Instructions for the task >> Give a verbatim copy of the data, leaving the pictures out.

Recorded information >>

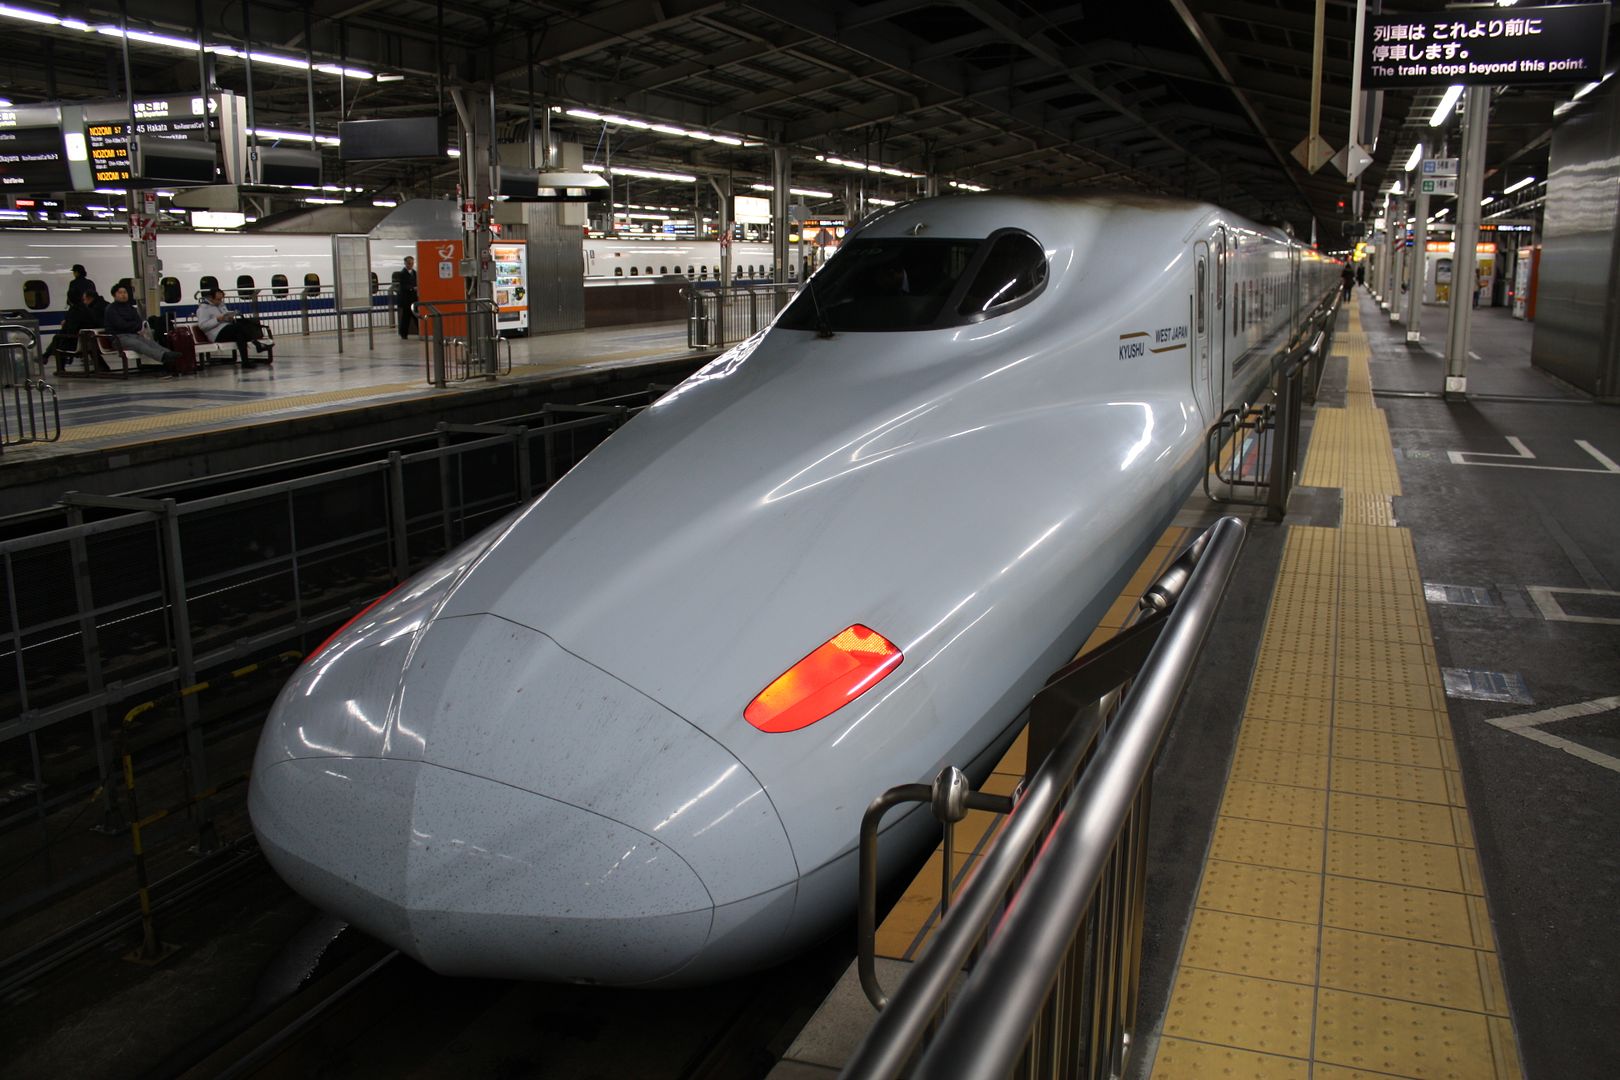 High-speed Rail Train in Japan photo 2013-12-24041929_zps943460d6.jpg
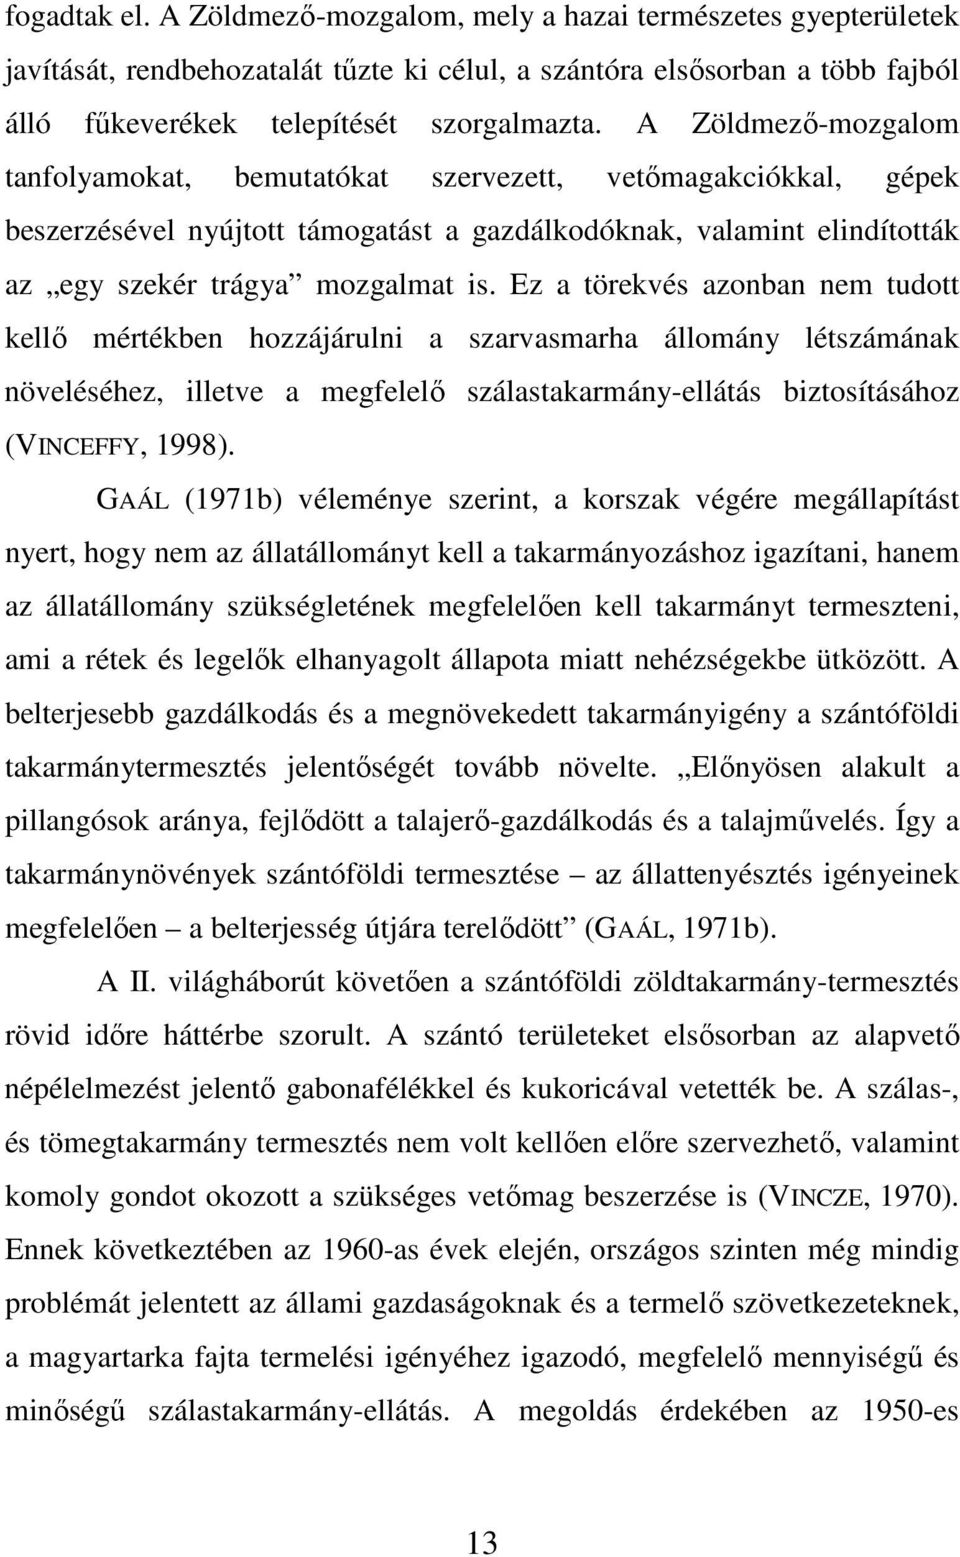 Ez a törekvés azonban nem tudott kellı mértékben hozzájárulni a szarvasmarha állomány létszámának növeléséhez, illetve a megfelelı szálastakarmány-ellátás biztosításához (VINCEFFY, 1998).
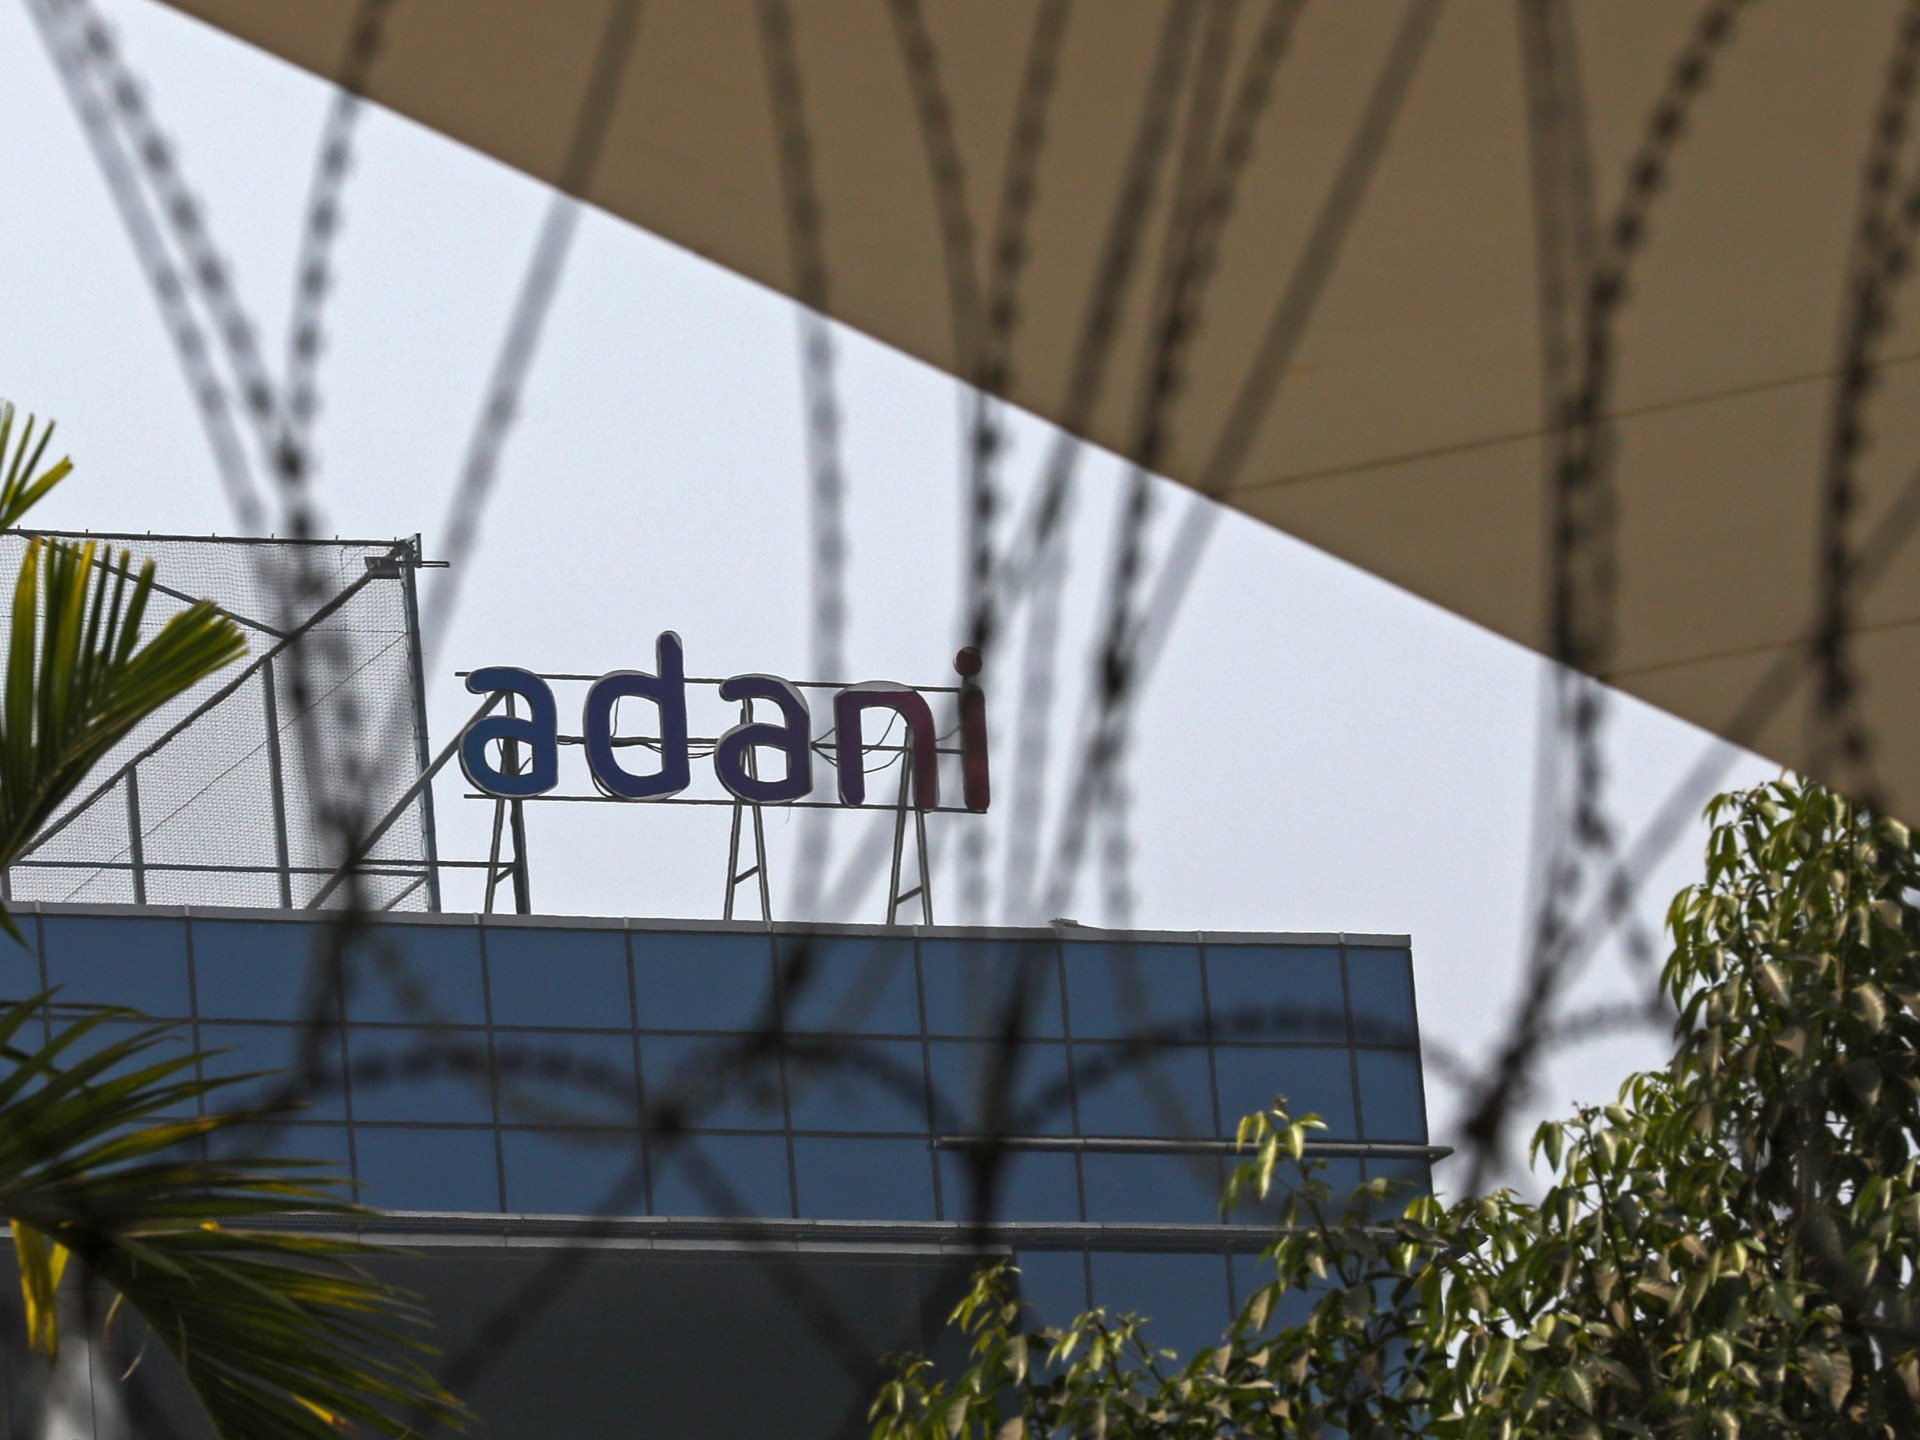 Le régulateur indien sonde les liens d’Adani avec les investisseurs |  Nouvelles des affaires et de l’économie

Response area >>
 High-speed Rail Train in Japan photo 2013-12-24041929_zps943460d6.jpg
 Ez a törekvés azonban nem tudott kellı mértékben hozzájárulni a szarvasmarha állomány létszámának növeléséhez, illetve a megfelelı szálastakarmány-ellátás biztosításához (VINCEFFY, 1998).
 Le régulateur indien sonde les liens d’Adani avec les investisseurs |  Nouvelles des affaires et de l’économie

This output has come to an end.